= Liñán's flame speed =

In combustion, Liñán's flame speed provides the estimate of the upper limit for edge-flame propagation velocity, when the flame curvature is small. The formula is named after Amable Liñán. When the flame thickness is much smaller than the mixing-layer thickness through which the edge flame is propagating, a flame speed can be defined as the propagating speed of the flame front with respect to a region far ahead of the flame. For small flame curvatures (flame stretch), each point of the flame front propagates at a laminar planar premixed speed $S_L$ that depends on a local equivalence ratio $\phi$ just ahead of the flame. However, the flame front as a whole do not propagate at a speed $S_L$ since the mixture ahead of the flame front undergoes thermal expansion due to the heating by the flame front, that aids the flame front to propagate faster with respect to the region far ahead from the flame front.

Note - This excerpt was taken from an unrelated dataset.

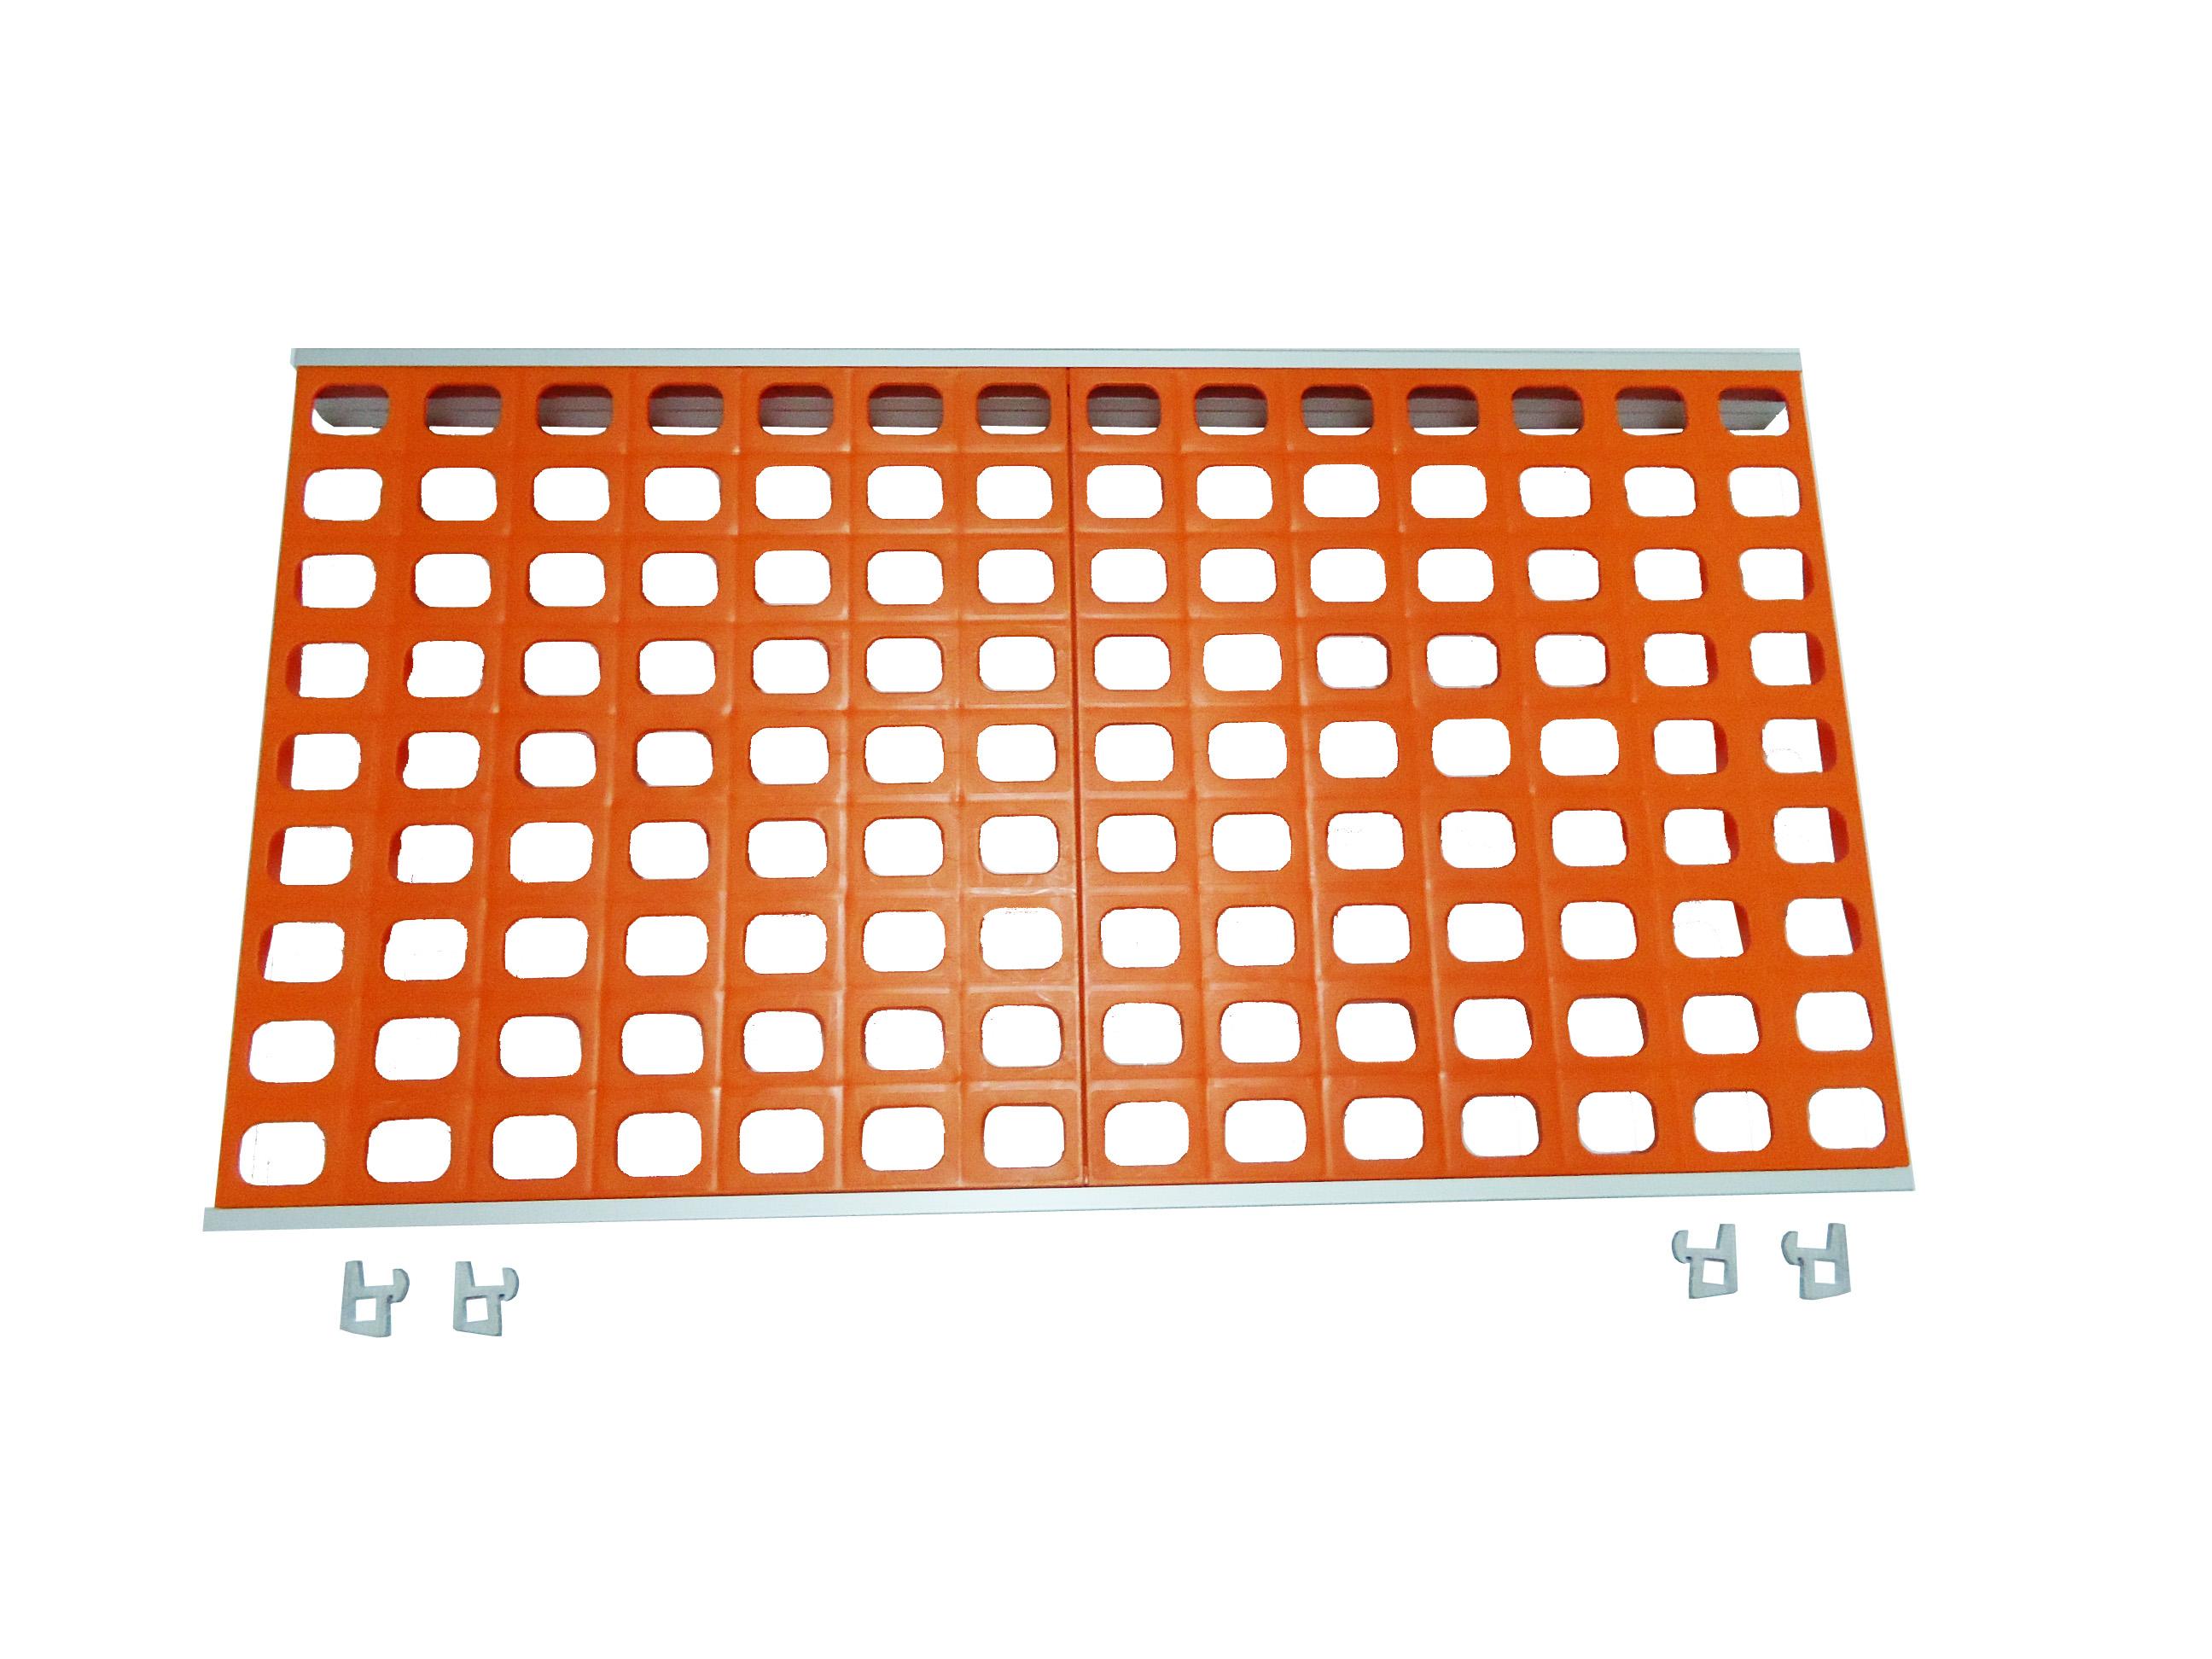 Coolblok KOPA47160C Ραφιέρα - Ράφι Ψυκτικών Θαλάμων Μονό Πολυαιθυλενίου - 1600x4 ψυκτικοί θάλαμοι    ράφια ψυκτικών θαλάμων  ψυκτικοί θάλαμοι    ράφια ψυκτικών θ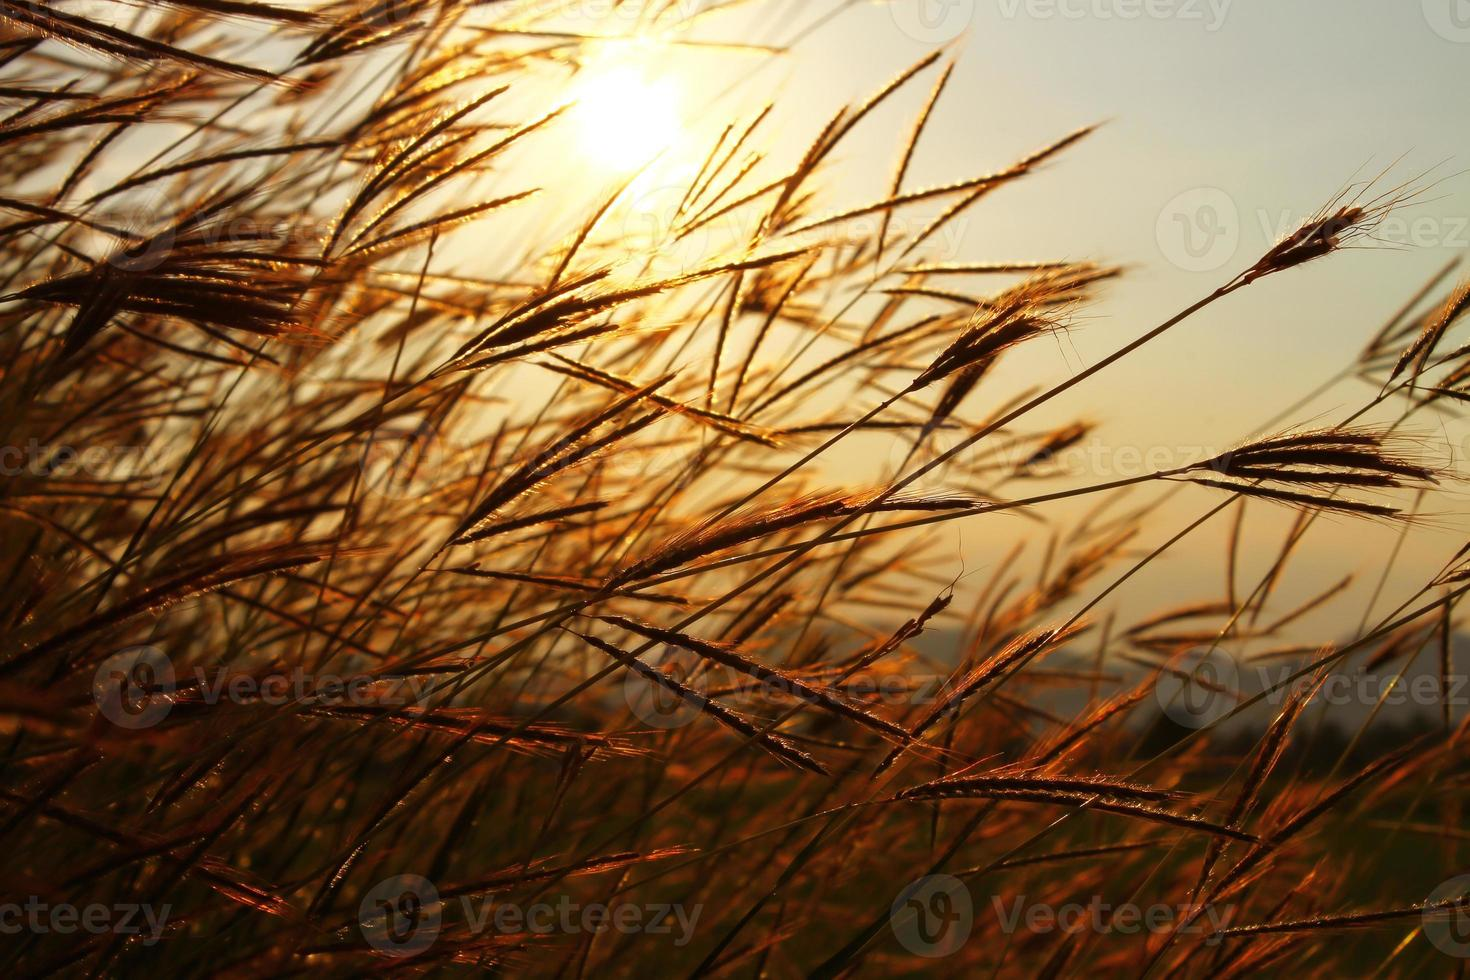 ondeggiando l'erba con lo sfondo del cielo al tramonto foto

Liñán estimated the edge flame speed to be:
$\frac{U}{S_L^0} \sim \left(\frac{\rho_u}{\rho_b}\right)^{1/2},$

where $\rho_u$ and $\rho_b$ is the density of the fluid far upstream and far downstream of the flame front. Here $S_L^0$ is the stoichiometric value ($\phi=1$) of the planar speed. Due to the thermal expansion, streamlines diverges as it approaches the flame and a pressure builds just ahead of the flame.

The scaling law for the flame speed was verified experimentally In constant density approximation, this influence due to density variations disappear and the upper limit of the edge flame speed is given by the maximum value of $S_L$.